William White would sympathize with the Hindu philosophy that human beings are stuck in an eternal cycle until they learn to liberate themselves. Economic policymaking has been stuck in its own eternal recurrence, too—a constant cycle of creating and then bursting bubbles— without learning anything. White has been “constantly amazed" at this phenomenon, the “amazing capacity" of some stimulus to “reignite the whole thing". He was convinced governments were stoking a bubble last decade; he thinks they’re doing it again. “This time is exactly the same," he says.

Well, not everything is the same. When Mint caught up with him on the sidelines of the Reserve Bank of India’s (RBI) first international research conference this month in Mumbai, it seemed that the mainstream of macroeconomics was finally catching up with him, too.

Before 2007, though, White was swimming against the tide. From his perch as the former chief economist at the Bank of International Settlements in Switzerland—the “central bankers’ central bank"—he warned that central banks, his very clients, were dangerously creating too much credit. But up against US Federal Reserve chairman Alan Greenspan, the “Maestro" who had ensured years of stable growth, he sounded like a rabble-rouser. At the 2003 Fed symposium at Jackson Hole, Wyoming, White went against every grain of the zeitgeist, arguing that monetary policy could prick bubbles before they burst; Greenspan remained impassive.

Photo: Ashesh Shah/Mint

White, who after his 40 years of experience in central banking is now with the Paris-based Organisation for Economic Co-operation and Development, explains why the Consumer Price Indices (CPI) central banks target don’t tell much. Take housing: last decade, the rent prices that are reflected in CPI went down, because people were buying houses, not renting them; CPI ended up “pointing in the wrong direction". Does this mean central banks should forget targeting inflation? Conference participants were earlier concerned that this may be not just throwing out the baby with the bathwater, but even throwing out the bathtub.

White says inflation targeting can continue if amended. Asset prices, for instance, should “become an indicator along with a number of other indicators", broad ones such as credit growth, to “help guide monetary policy".

This sounds like a vindication of RBI’s current “multiple indicator approach", where the bank looks at more than just inflation and assumes a broader mandate. At this conference, governor D. Subbarao noted RBI’s other functions: Besides managing government debt, it regulates all banking institutions. In his own words, RBI is a “full-service central bank". That description resonates with the Canada-born White, in part because he served for 22 years at the Bank of Canada, another conservative central bank. “I was struck when I was listening to (Subbarao)…it reminded me of the Bank of Canada" which also calls itself “a full-service central bank".

“When (Subbarao) says that you are where you are, and this is the way we have to behave, he’s right." And in the real world where India’s economic constraints demand more of RBI, there’s no point in arguing with practicalities. Still, at the back of his mind, is he concerned about what a central bank’s mandate means for its independence?

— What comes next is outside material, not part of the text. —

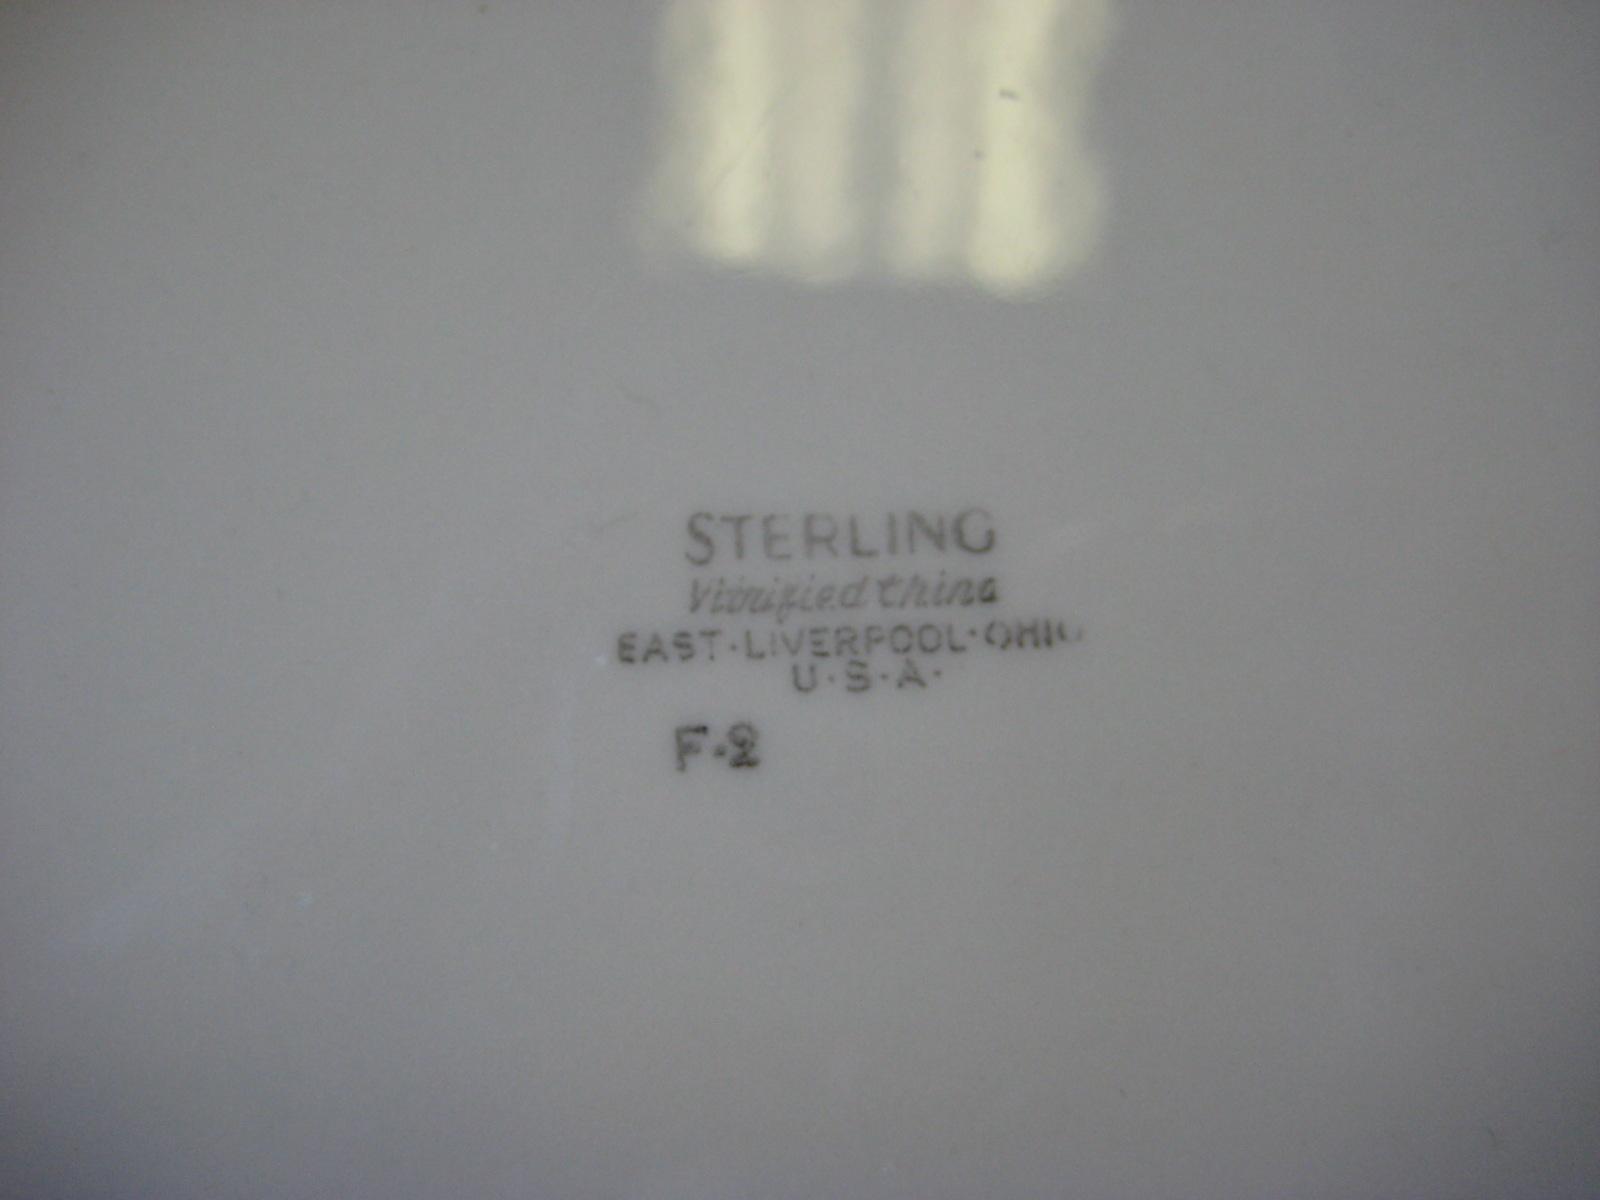 Playboy Club Sterling China F-2

That’s the elephant in the room: A central bank trying to do too much will inevitably bring it into conflict with political forces, as is already happening in the US. “You can get drawn into politically sensitive issues: You bailed out this guy because he’s your friend, you go to the same golf club… This is the kinda thing that happens," White says. That invites scrutiny on central banks such as RBI, where monetary and regulatory policy—setting interest rates and overseeing banks—are two legs of the same stool.

Still, central banks can’t ignore individual banks. “It’s very hard to distinguish between price stability and financial stability… It may not be just the monetary aspects that have implications for stability, but you have all this macroprudential stuff that matters." Because it’s such a macro task, “my immediate reaction is that the overall responsibility of financial stability…(should be) with the central bank".

At the same time, Ben Bernanke or Subbarao can’t be directly interfering with Citigroup’s capital ratio or ICICI Bank’s risk weights. White recommends a separate agency tasked with the “microprudential stuff"—the oversight on banks, financial institutions or markets. But “the macroprudential authority"—the central bank—“would have the right to say to the microprudential authority" that if, say, “credit is expanding too fast, etc…then I want all those risk weights to be multiplied by three or whatever". That’s a neat separation of powers, an idea worth considering.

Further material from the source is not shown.